:: What is expected ::
Transcribe the data exactly, omitting whatever pictures it holds.

[Opening Dataset extract section]

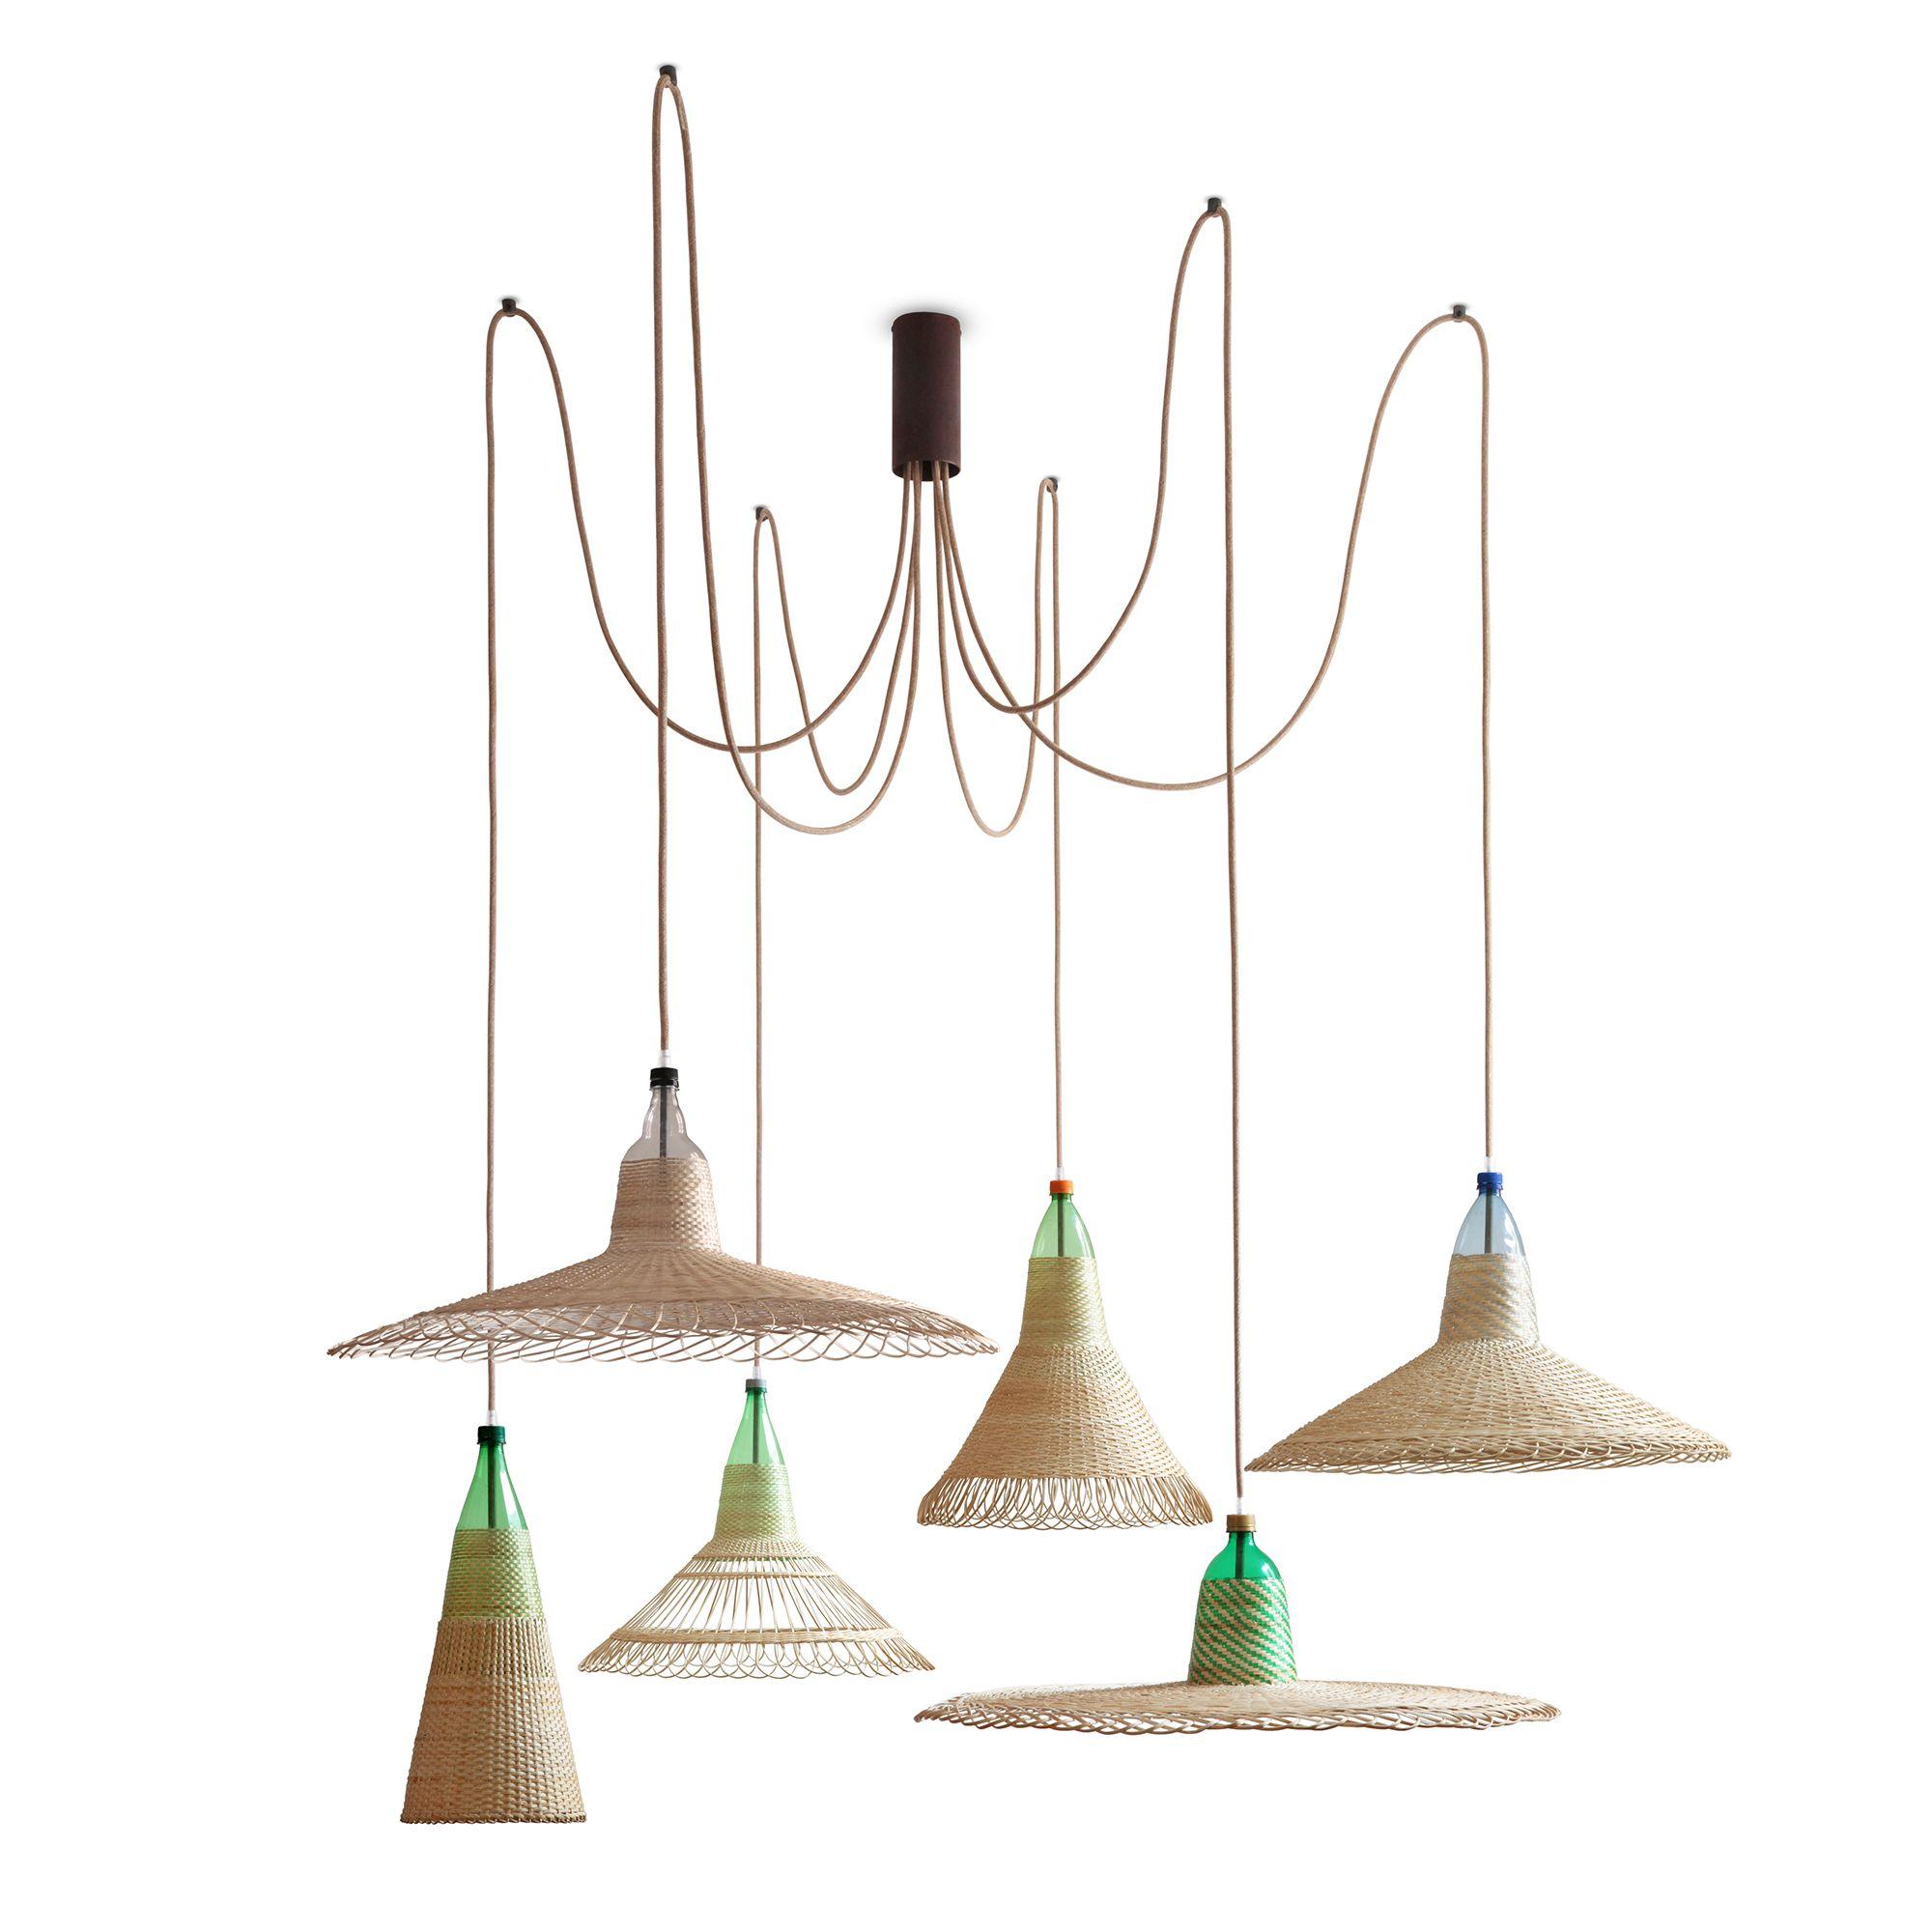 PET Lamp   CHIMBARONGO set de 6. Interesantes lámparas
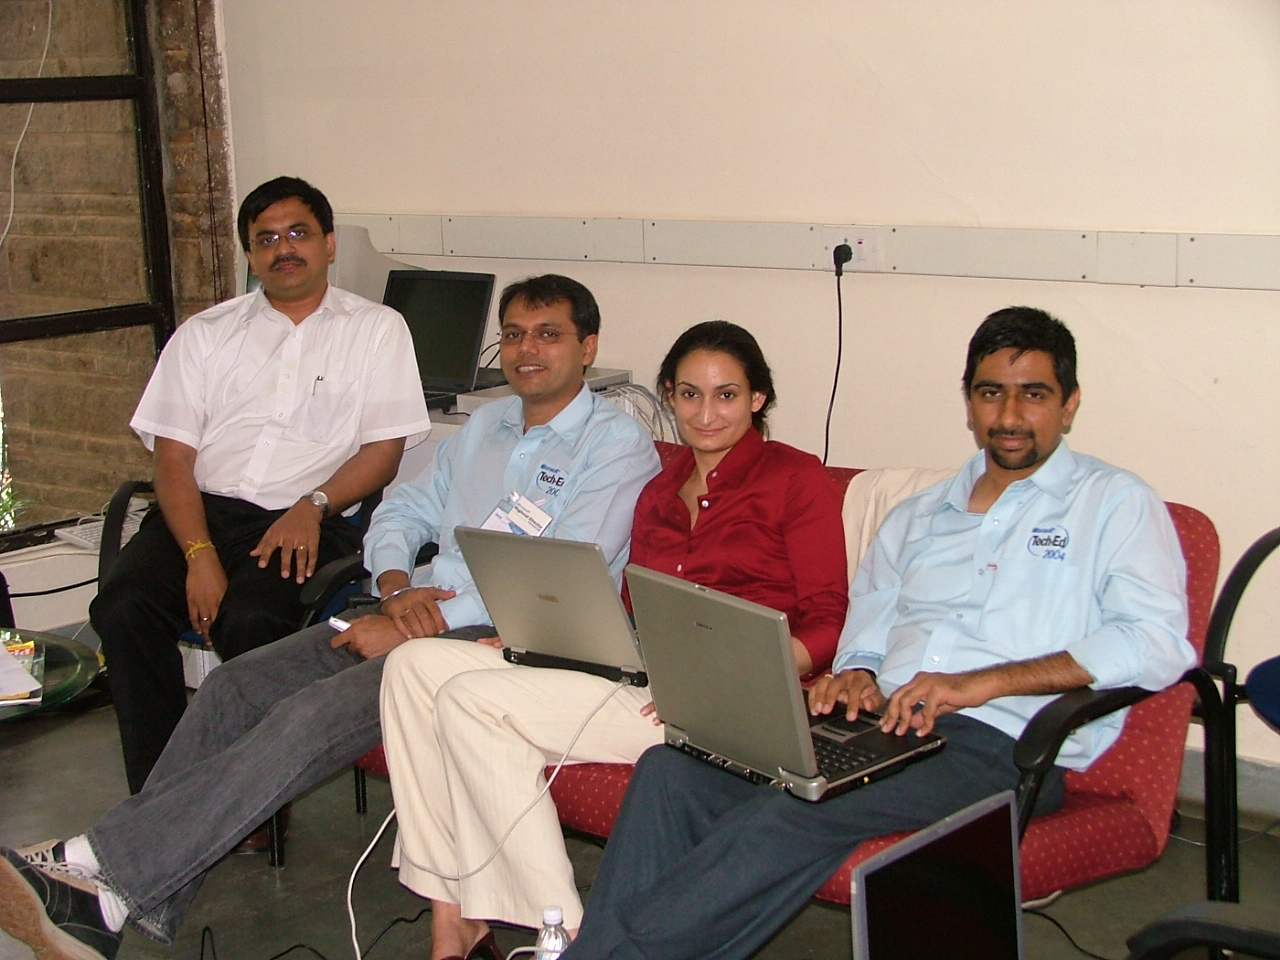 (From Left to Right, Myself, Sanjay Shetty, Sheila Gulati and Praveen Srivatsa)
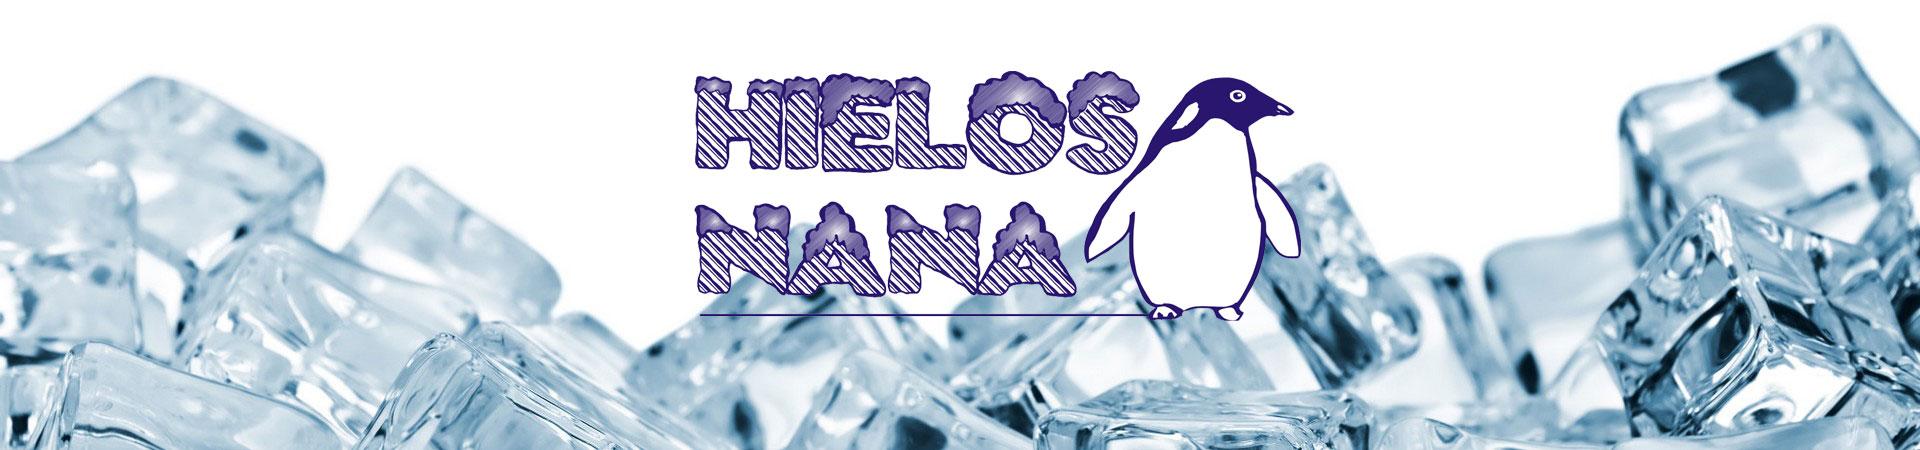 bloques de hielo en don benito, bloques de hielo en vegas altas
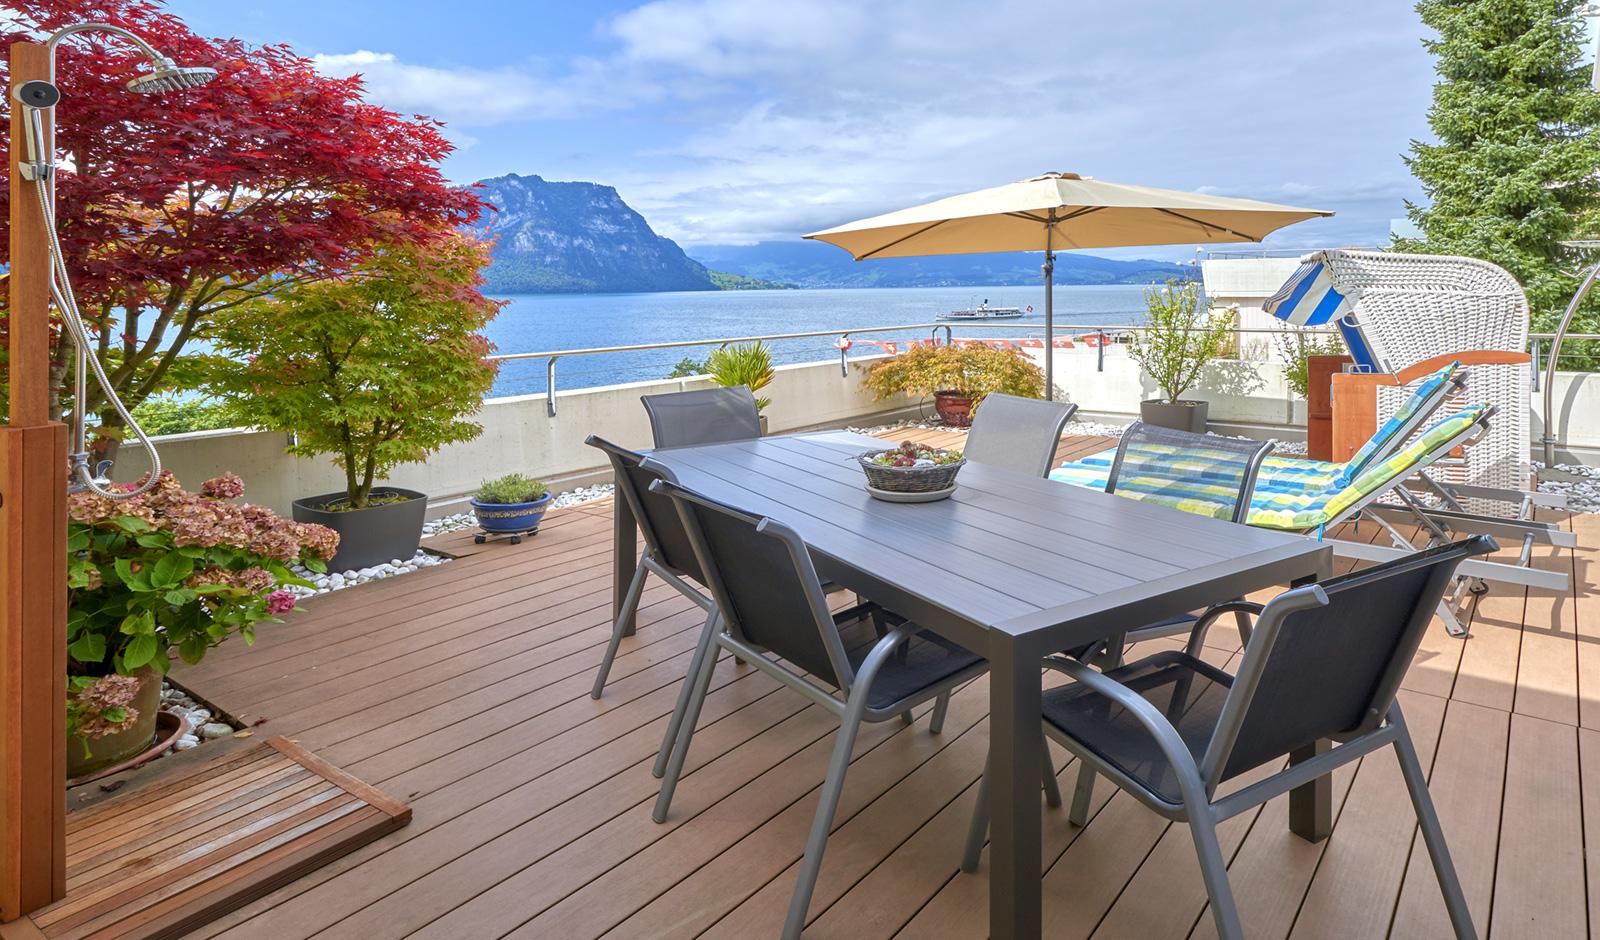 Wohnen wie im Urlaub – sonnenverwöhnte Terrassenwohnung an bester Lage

[Closing Dataset extract section]

:: Written reply ::
 PET Lamp   CHIMBARONGO set de 6. Interesantes lámparas
 (From Left to Right, Myself, Sanjay Shetty, Sheila Gulati and Praveen Srivatsa)
 bloques de hielo en don benito, bloques de hielo en vegas altas
 Wohnen wie im Urlaub – sonnenverwöhnte Terrassenwohnung an bester Lage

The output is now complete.